I can tell if we gave you a diet of say 7 meals per day listed out nicely you probably wouldn't follow it 100%. So to keep it simple just get about 50g protein per meal and plenty of carbs and some good fats. Really push the calories but gradually. Don't be afraid of eating big meals.. you won't grow muscle without the food/shakes. You are right your pics don't do you justice from what I have seen... that can happen though. If your back is that bad thats fine just do what you can but use heavy weights and good form with full intensity.

Big D is a great guy he just overthinks things far too much and the fact he was once fat is holding him back from building his body. For many I would say get as lean as possible then blow up but I think if you lost more weight it may be even harder for you to get past your mental barrier. Trust everyone on here your not eating enough. If your on hormones and training hard it is gonna be super hard to get fat matey. You need to eat to grow


----------



## BIG D (Apr 29, 2013)

this one i feel is a little better indicator, just being honest


----------



## hellbilly (Apr 30, 2013)

Concreteguy said:


> Look this is the only thing I can help you with because you refuse to table what you eat.
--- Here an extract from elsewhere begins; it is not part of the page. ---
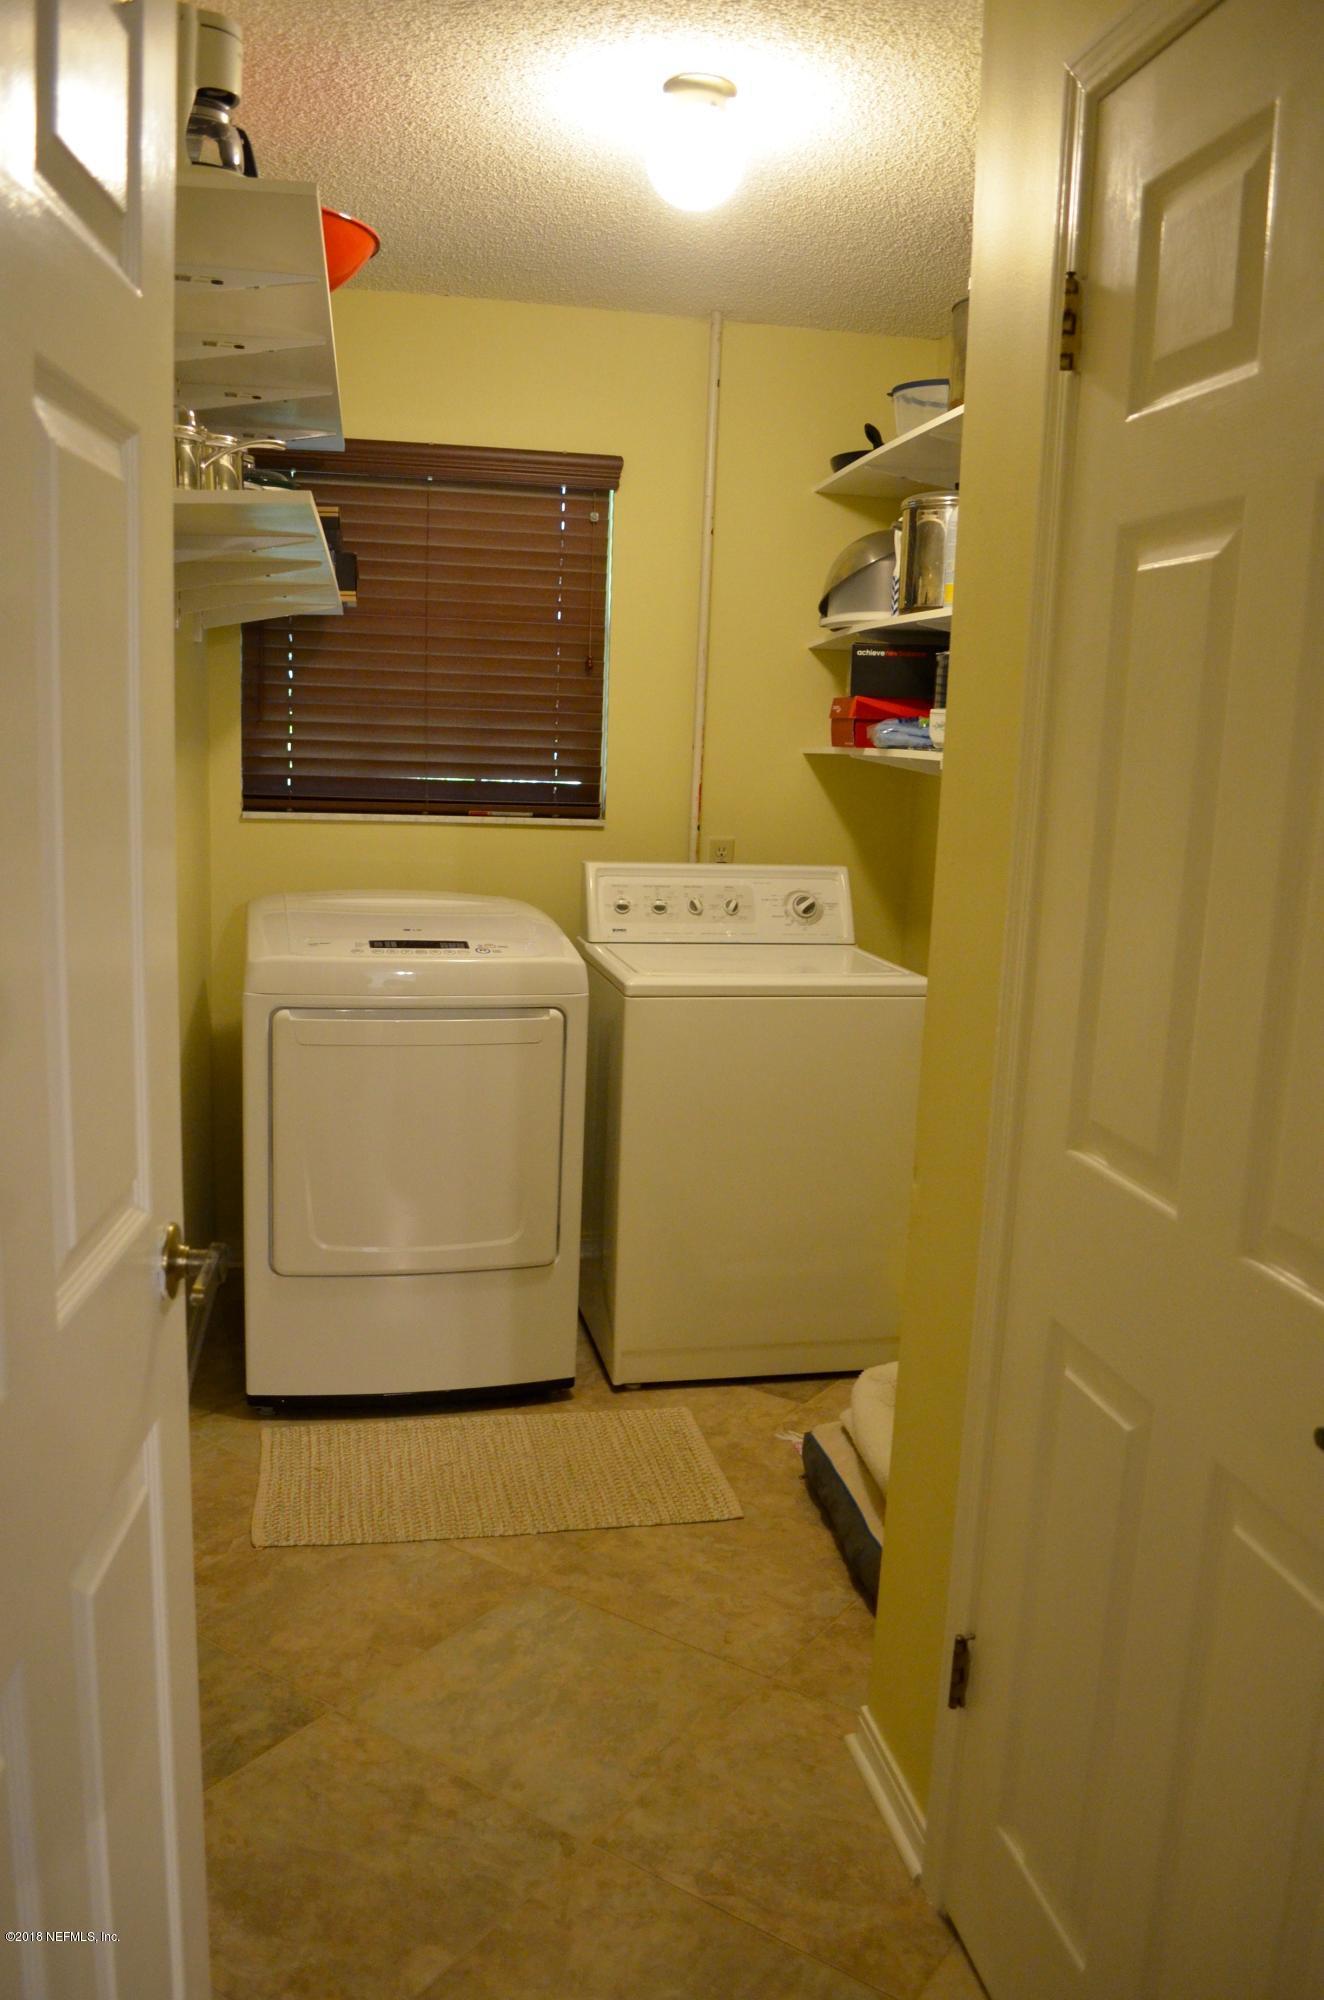 422 20TH, ATLANTIC BEACH, FLORIDA 32233, 4 Bedrooms Bedrooms, ,2 BathroomsBathrooms,Residential,For sale,20TH,1036686
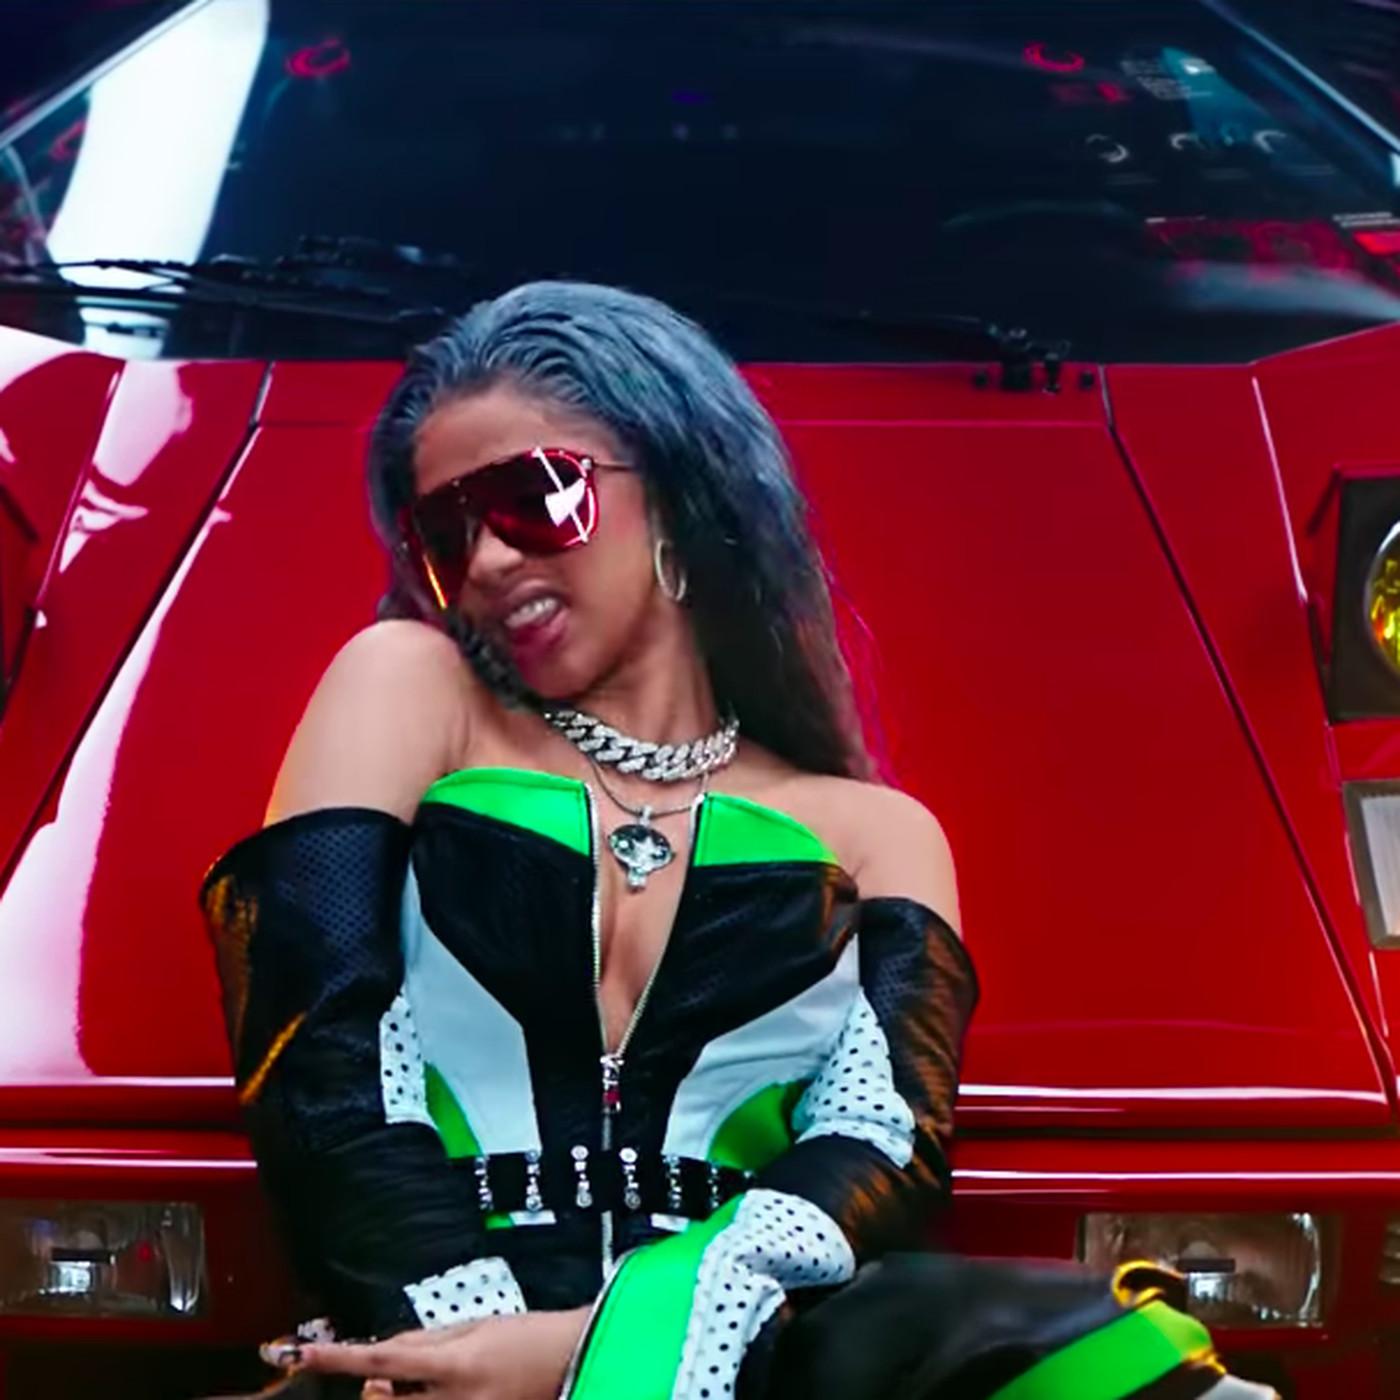 Cardi B Motorsport >> The Video For Motorsport Has Nicki Minaj Cardi B And Flying Lyfts

NUTRIENT TIMING in fucking huge! But a laundry list of whats in your fridge ain't cutting it.
> How you prime-
> How you feed-
> How you recover-
> ...



A proper diet and training regiment and no matter what, don't sway from either. Eat the meals everyday, train like hell, and if you're using gear- make sure you take your shots. Seems easy doesn't it? Well, it isn't for everyone. Just get a proper diet and stick to it no matter what, and sleep whenever you can. During my biggest growth phase, I learned to sleep more, no matter what I got at least 8 hours and it helped.


----------



## Enigmatic707 (Apr 30, 2013)

BIG D said:


> this one i feel is a little better indicator, just being honest



Much better picture, and honestly unless you're shooting slin and using 2g+ a week you're probably right on track. 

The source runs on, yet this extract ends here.